Member of the Kerala Legislative Assembly
- In office 1977–1979
- Preceded by: C. Govinda Panicker
- Succeeded by: K. Sankaranarayanan
- Constituency: Sreekrishnapuram

Personal details
- Born: 11 April 1929 British India
- Died: 13 July 1984 (aged 55)
- Spouse: P. Lakshmikutty
- Children: 3

= K. Sukumaranunni =

Indian politician

K. Sukumaranunni (11 April 1929 - 13 July 1984) was a teacher, service union activist, short story writer and politician from Kerala, India. He represented Sreekrishnapuram Assembly constituency in the 5th Kerala Legislative Assembly.

==Biography==
K. Sukumaranunni was born on April 11, 1929, the son of Chinnammalu Vayankaramma. He died on July 13, 1984.

==Political career==
As a member of Indian National Congress, Sukumaranunni served as the member of All India Congress Committee and Kerala Pradesh Congress Committee and treasurer of Palakkad District Congress Committee. While working as a teacher he held several positions including treasurer of All India Federation of Educational Associations, general secretary and state president of Kerala Aided Primary Teachers Union and state convener of Teachers Cell.

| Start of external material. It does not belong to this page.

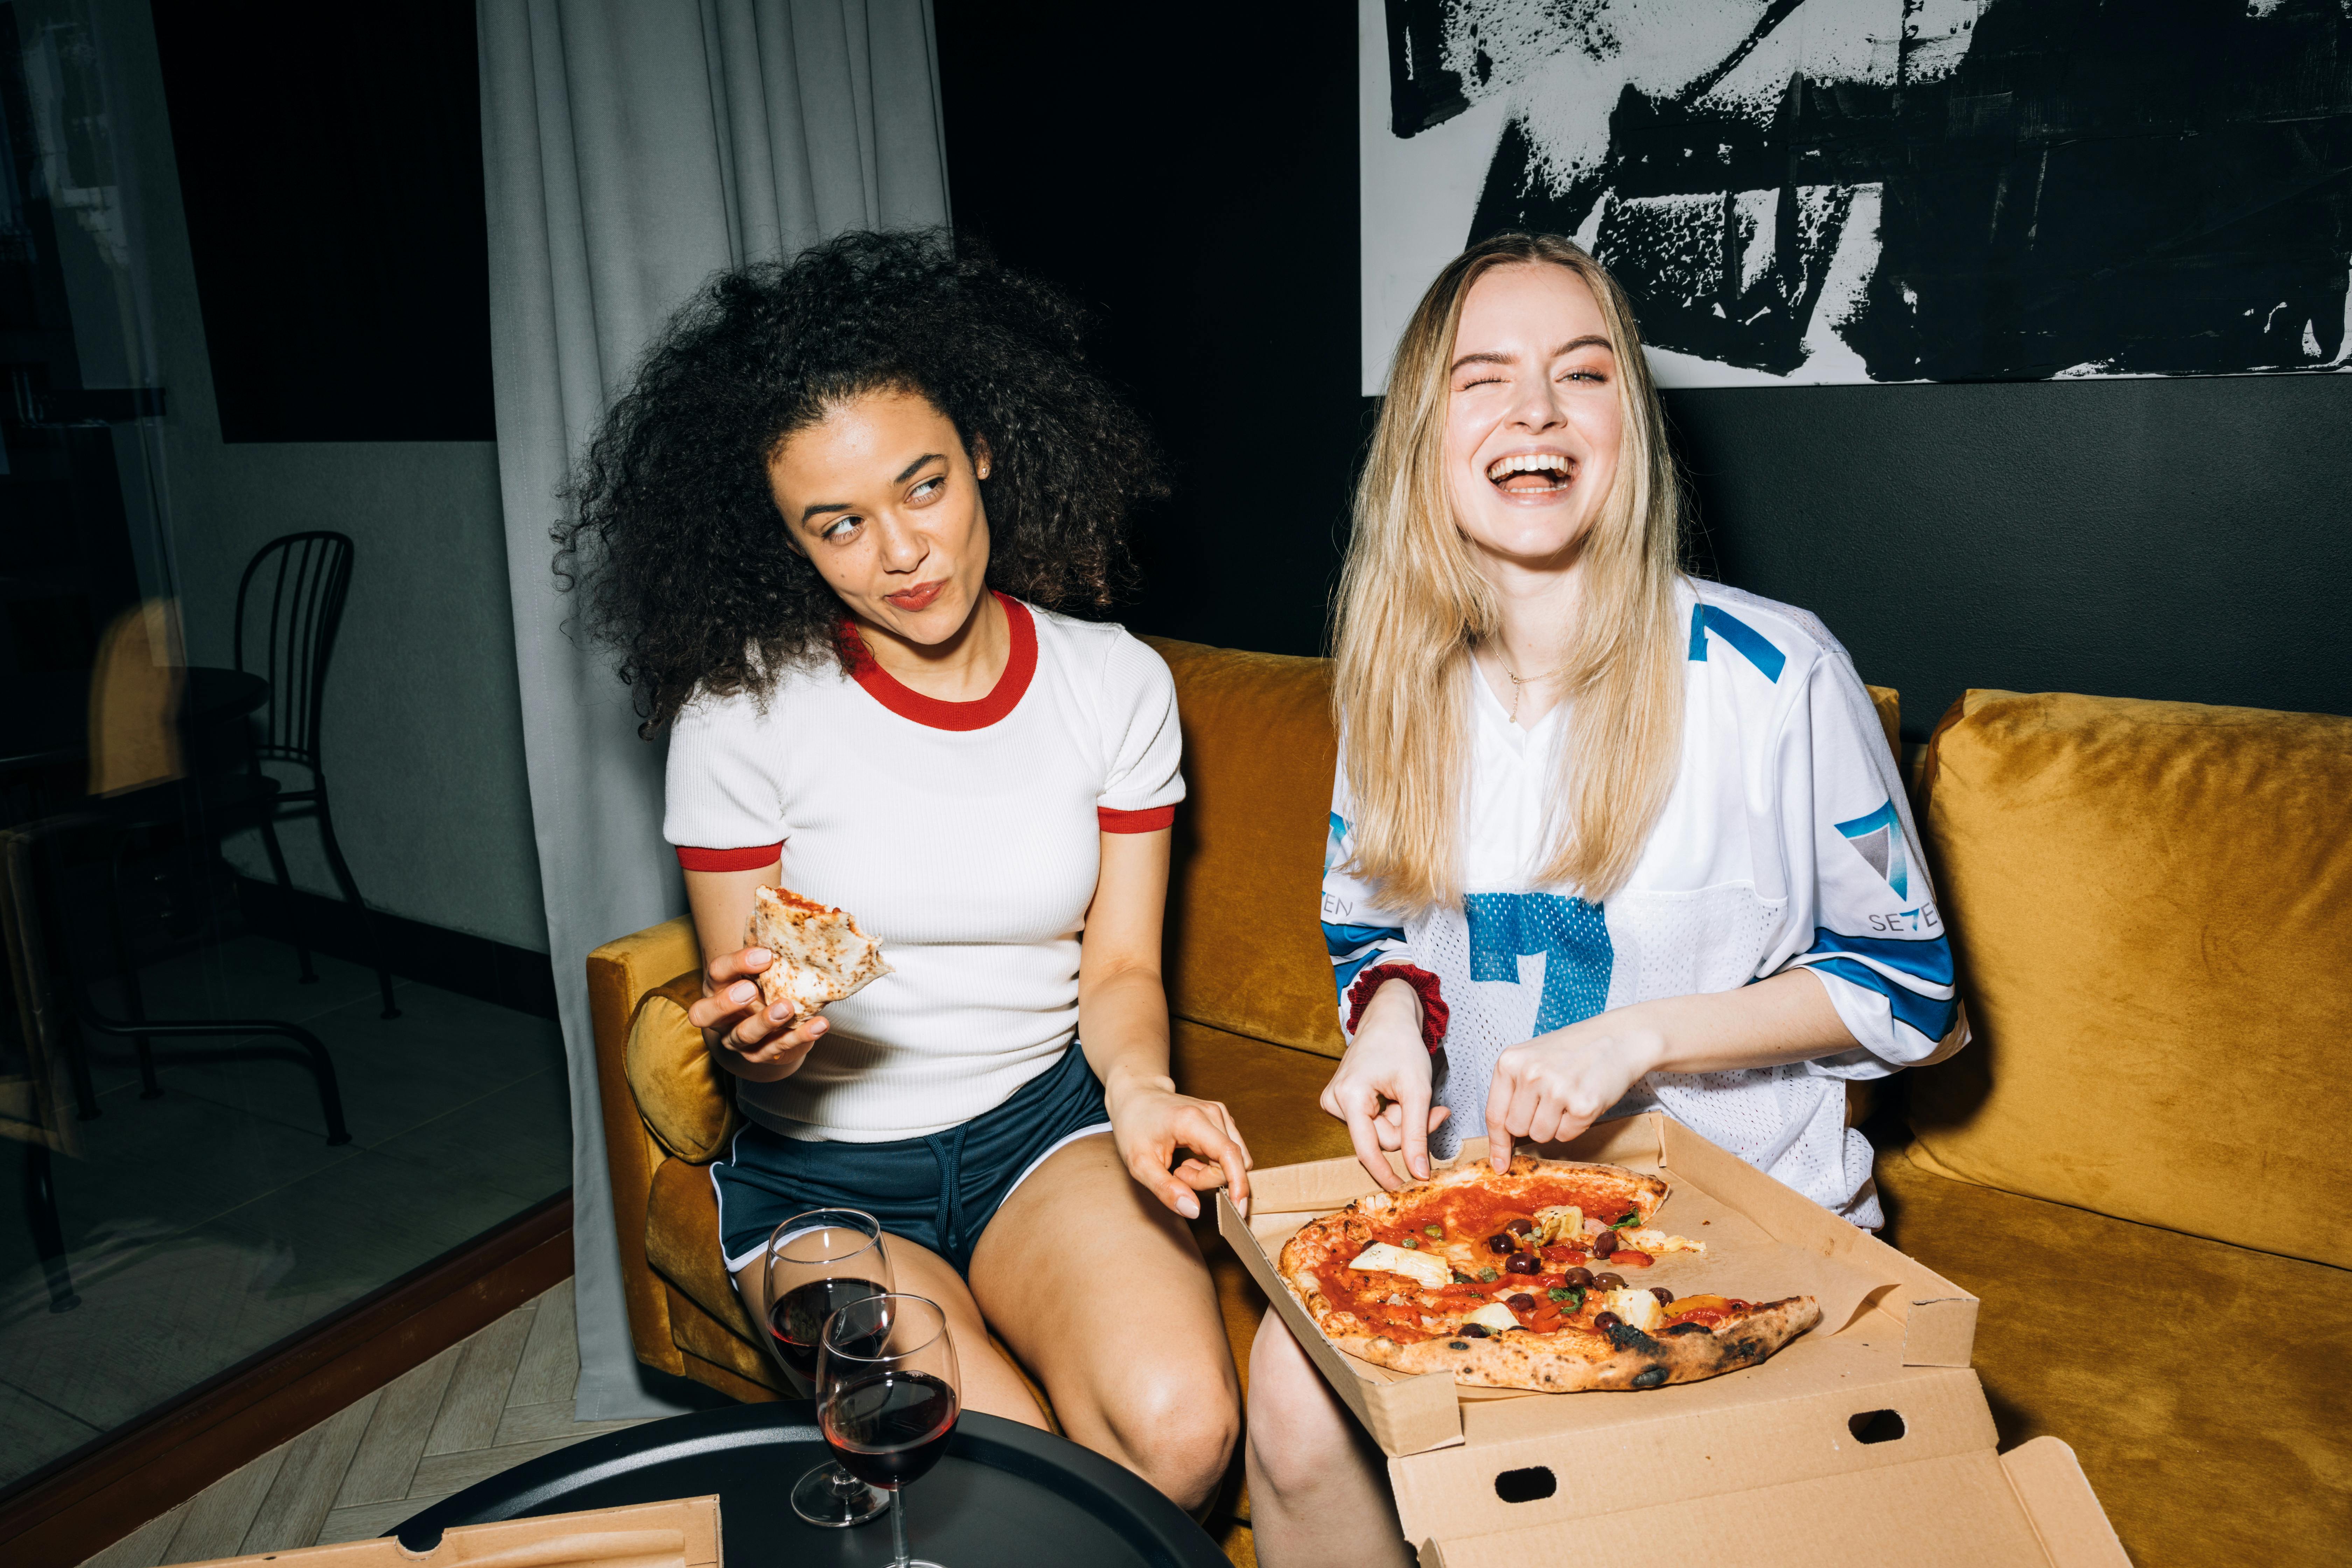 John's grandkids throwing a pizza party for him | Source: Pexels

Sukumaranunni represented Sreekrishnapuram Assembly constituency in the 5th Kerala Legislative Assembly.

==Literary works==
- Unnathi, Short Stories (1957)
- Rajan, Short Stories (1959)

==Legacy==
In honor of him, who is also a teacher, the Sukumaranunni Educational Trust established Sukumaranunni Award. The award, which includes a cash prize of 10,001 Indian rupees, a memento and a citation, is given to the best teachers in the state.